State prosecutors say Frazier Glenn Cross killed three at Jewish community sites; feds pursuing hate crime case

Kansas prosecutors filed state-level murder charges Tuesday against the white supremacist accused in shootings that left three people dead at two Jewish community sites in suburban Kansas City.

Frazier Glenn Cross has been charged with one count of capital murder for the deaths of a 14-year-old boy and his grandfather outside the Jewish Community Center of Greater Kansas City, Johnson County District Attorney Steve Howe said at a news conference. Cross also faces one count of first-degree, premeditated murder for the death of a woman who was gunned down while visiting her mother at a nearby retirement complex. He could be sentenced to death, but prosecutors have not yet said whether they will pursue the death penalty.
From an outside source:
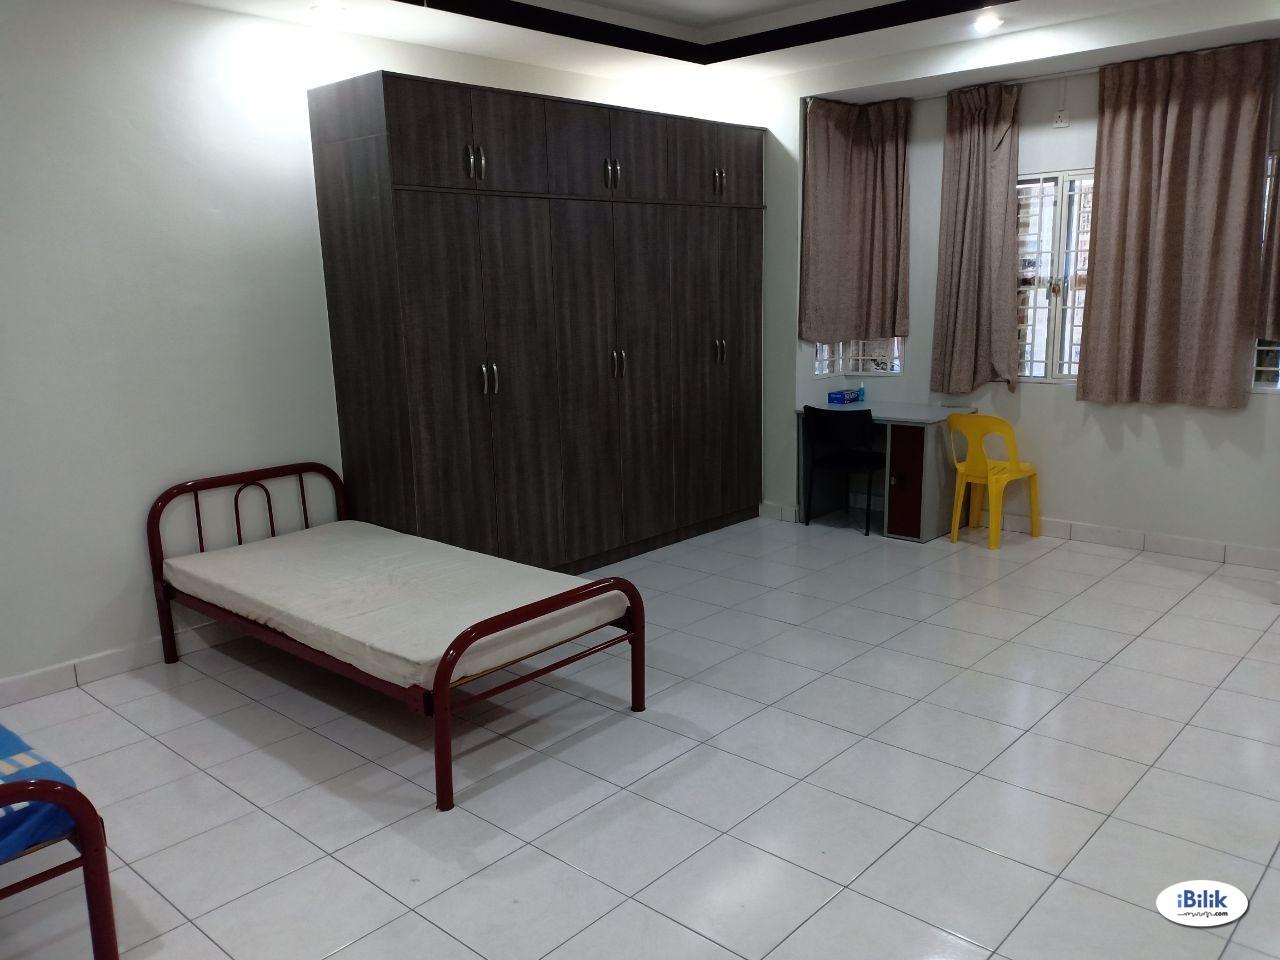 COZY Master Room at Dengkil,Putrajaya,Cyberjaya Selangor

The capital murder charge carries the death penalty as possible punishment, Howe said. Cross is being held on $10 million bond and is scheduled to appear in court at 1:30 p.m. Tuesday in Johnson County District Court.

Cross, a 73-year-old Vietnam War veteran from southwestern Missouri, founded the Carolina Knights of the Ku Klux Klan in his native North Carolina and later the White Patriot Party. His activities have long drawn the attention of hate-group monitors, and federal prosecutors say there's enough evidence to warrant putting the case before a grand jury as a hate crime. Moving the case from state to federal prosecutors would likely mean tougher punishments if Cross is convicted.

He's suspected of killing 69-year-old physician William Lewis Corporon and his 14-year-old grandson, Reat Griffin Underwood, outside the community center. Both were Methodist.

Minutes later, Terri LaManno, a 53-year-old Catholic occupational therapist and mother of two, was gunned down outside a Jewish retirement complex, where she was visiting her mother.

Cross shouted "Heil, Hitler" at television cameras as he was arrested. Sunday's killings shocked the city on the eve of Passover and refocused attention on the nation's problem with ethnic- and religious-related violence.